If a specific power is not enumerated in article I, section 8, of the Constitution, the federal government is not permitted to exercise it. There were no exceptions provided in the Constitution, not even for crises or extenuating circumstances. And not only is flood insurance not mentioned in the Constitution, there are no references to floods or insurance either. Members of Congress who recite the current congressional oath of office, enacted in 1884, swear that they will “support and defend the Constitution of the United States” and “bear true faith and allegiance to the same.” This means that every member of Congress since 1968 that has voted for any bill related in any way to flood insurance is violating the very Constitution he swore to uphold. Republicans who preach limited government at election time are merely giving lip service to the idea since if they had a philosophical problem with the Federal Flood Insurance Program they could have abolished it when they had an absolute majority in both Houses of Congress under the Republican president George W. Bush.

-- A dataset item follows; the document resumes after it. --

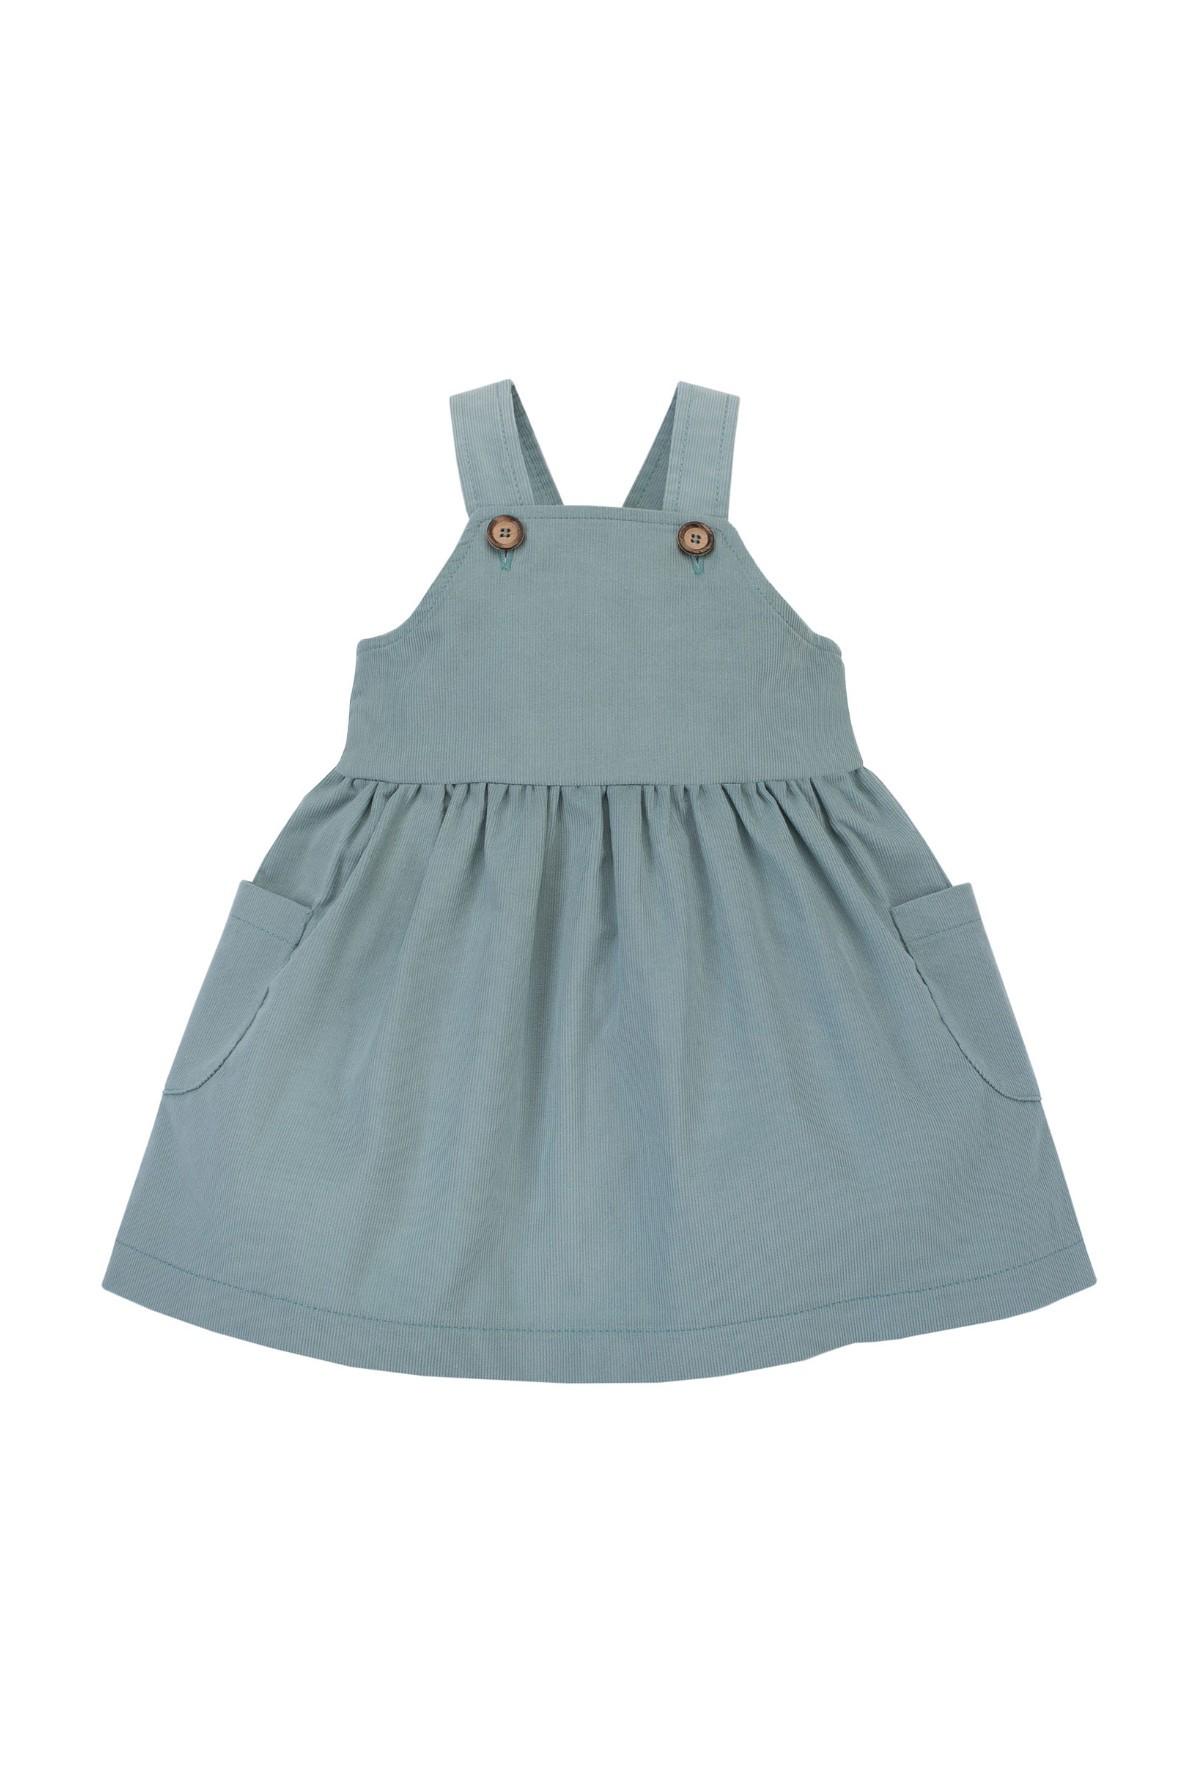 Modna sukienka na szelkach dla dziewczynki w odcieniu mięty
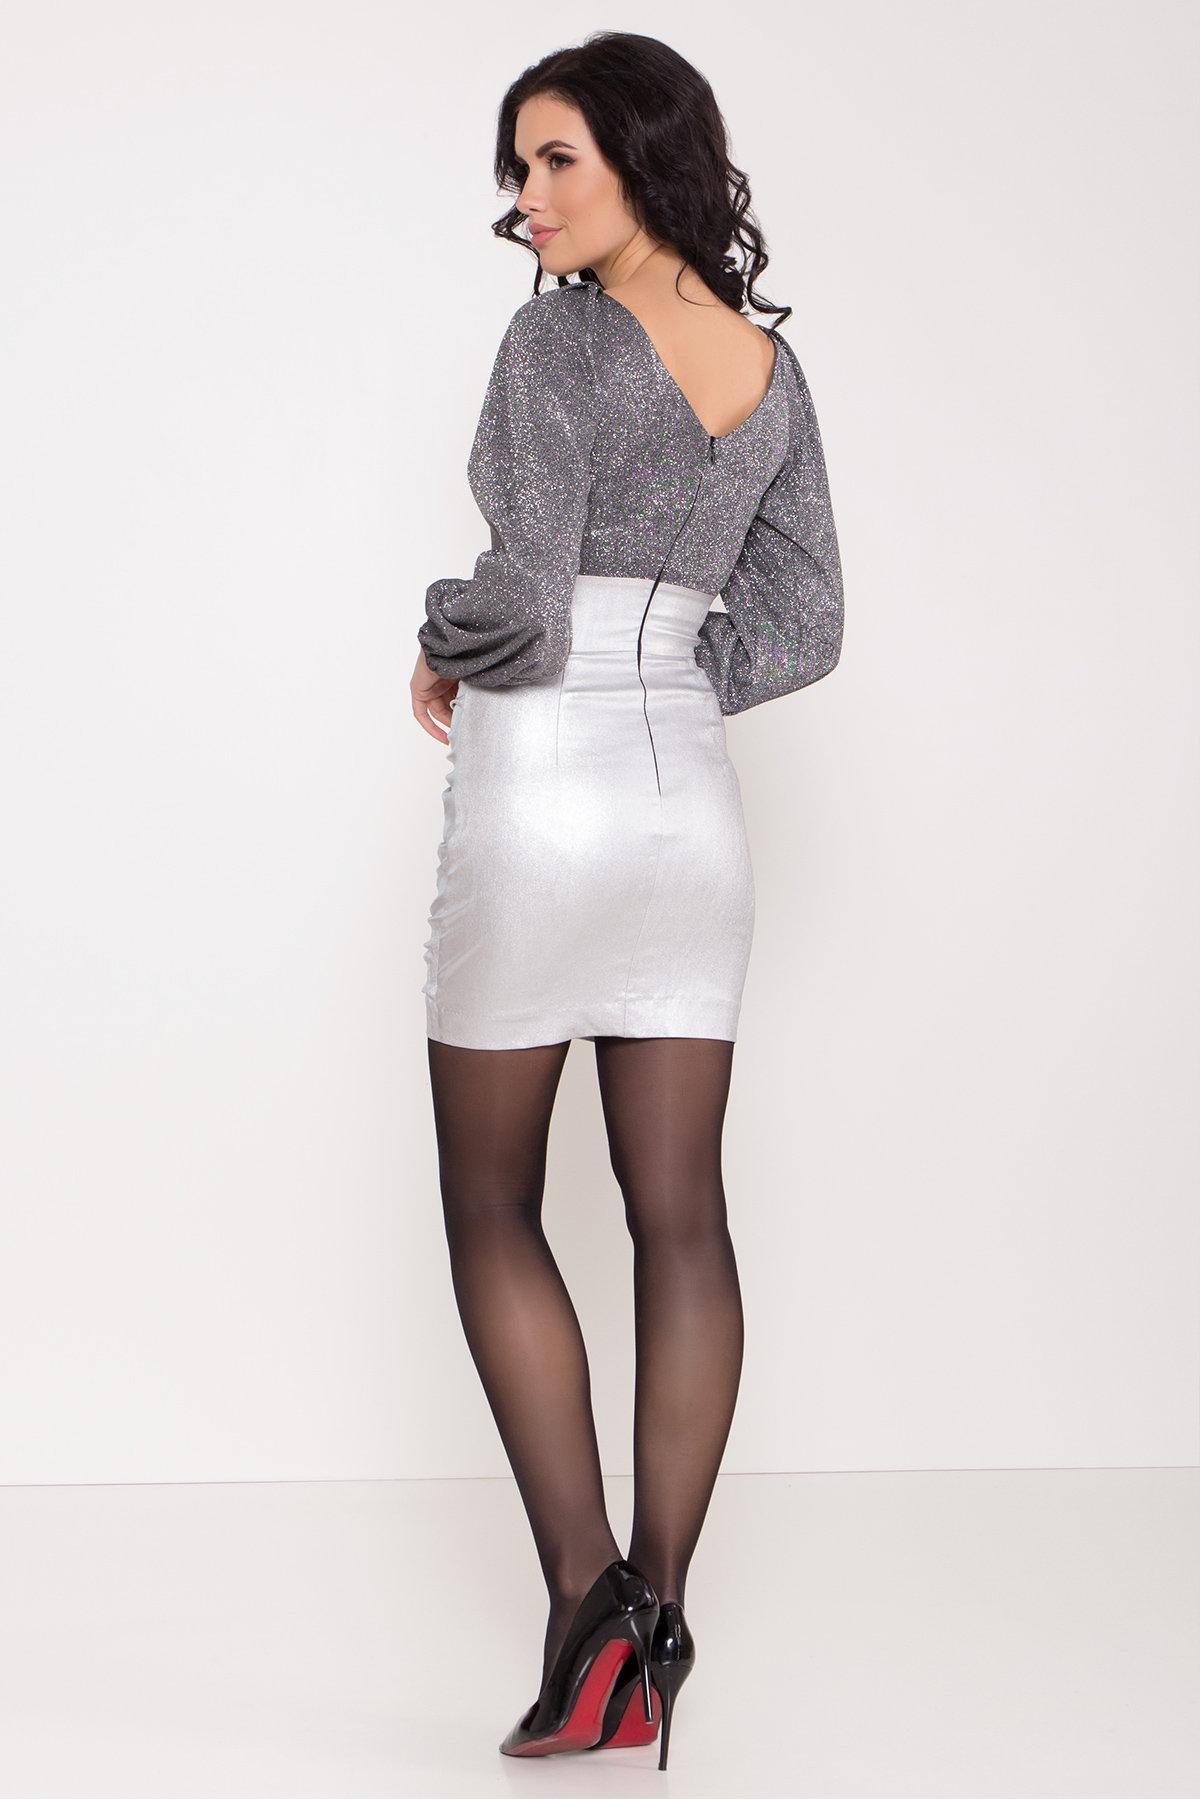 Платье с драпировкой Линси 8534 АРТ. 44973 Цвет: Серебро 2 - фото 5, интернет магазин tm-modus.ru

In our federal system of government, it is only the states that can conceivably have flood insurance programs. This doesn’t mean that the states should have such things, only that whatever is not granted by the Constitution to the federal government is reserved to the states, as it clearly states in the Tenth Amendment.

The only limited government worthy of the name is a government limited to the protection of life, liberty, and property. That precludes such a government offering “services” that the private sector is perfectly capable of providing.

If the federal government can offer Americans flood insurance, then no legitimate argument can possibly be made against the federal government offering Americans fire insurance, health insurance, homeowners insurance, renters insurance, liability insurance, or life insurance.

And if the federal government can offer Americans flood insurance, then no legitimate argument can possibly be made against the federal government offering Americans any other service.

The problem with FEMA overseeing the nation’s flood insurance program is just the tip of a very deeply submerged iceberg. Not only should FEMA not be offering flood insurance, it should not be providing flood hazard data, maps of flood prone areas, or disaster assistance. FEMA, like the vast majority of the other agencies of the federal government, shouldn’t even exist in the first place.